Wolfe and his team were able to make the Camembert mold in his lab. He took an ancestor of the Camembert mold, which is found everywhere, and managed to speed up the natural evolutionary process.

"So what we did is, we took one of these wild blue molds and we put them on cheese in the lab. And every week, we gave them fresh cheese. Over and over and over again. And within about three or four weeks, they lost all that musty smelling aromas and they began to smell like beautiful, fresh cheese," he said.

This is about more than watching mold transform in a lab, however exciting that may sound. Wolfe said in a matter of five to 10 years, this experiment could have ramifications for cheese-makers around the world.

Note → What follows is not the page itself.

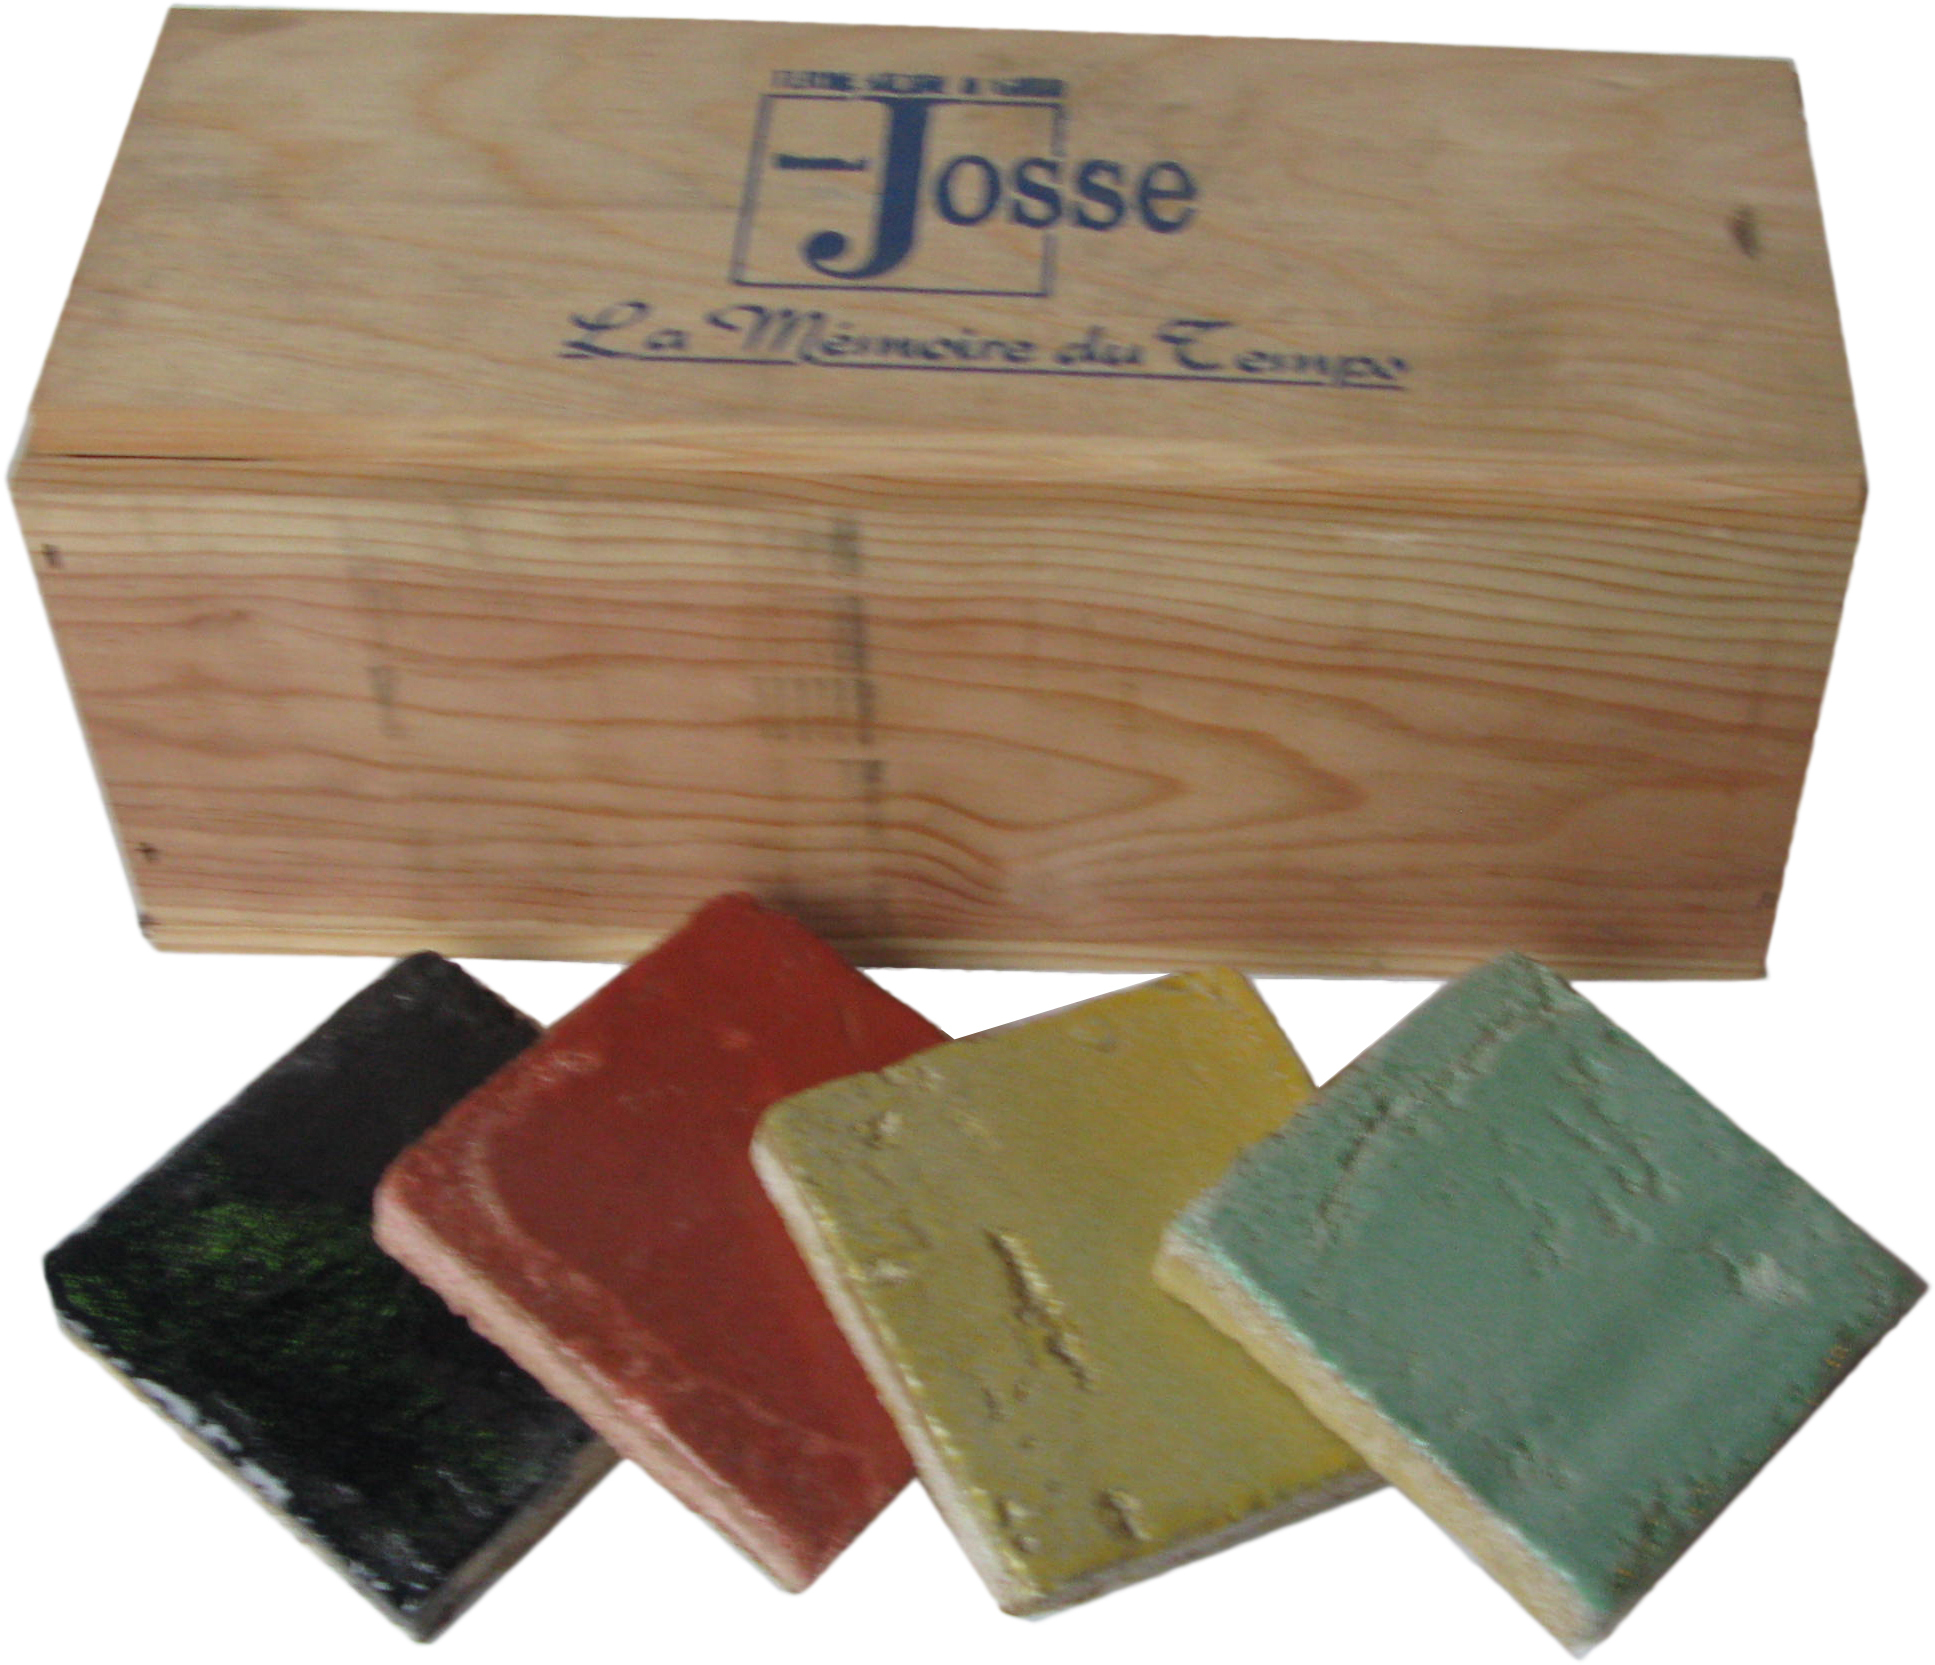 Set of samples  "JOSSE" Pastels Unis

"The mold that we are using, that wild ancestor mold that we were using, was from Vermont. It was not from France. And so what we are excited by is the idea that we could recreate this domestication process, to create a California Camembert mold or a Vermont Camembert mold. So it suggests a new way to domesticate new strains for cheese making," Wolfe said.

That's pretty cool.

I spoke with Ihsan Gurdal, the owner of the cheese shop Formaggio Kitchen in Cambridge, Mass., to see what he had to say about all of this.

"Well, I think it's exciting that people are trying to do new things," Gurdal said.

But he said nothing can replace real Camembert, the Camembert from Normandy.

"The taste of mushrooms, the texture of the cheese, the luxurious creaminess of it. It's hard to match," he added.

What he's saying is that there's a lot that goes into exceptional cheese. The mold, sure. But there's the milk, the soil — the terroir, as the French say — the knowledge passed down from generation to generation.

And, maybe, a little divine intervention.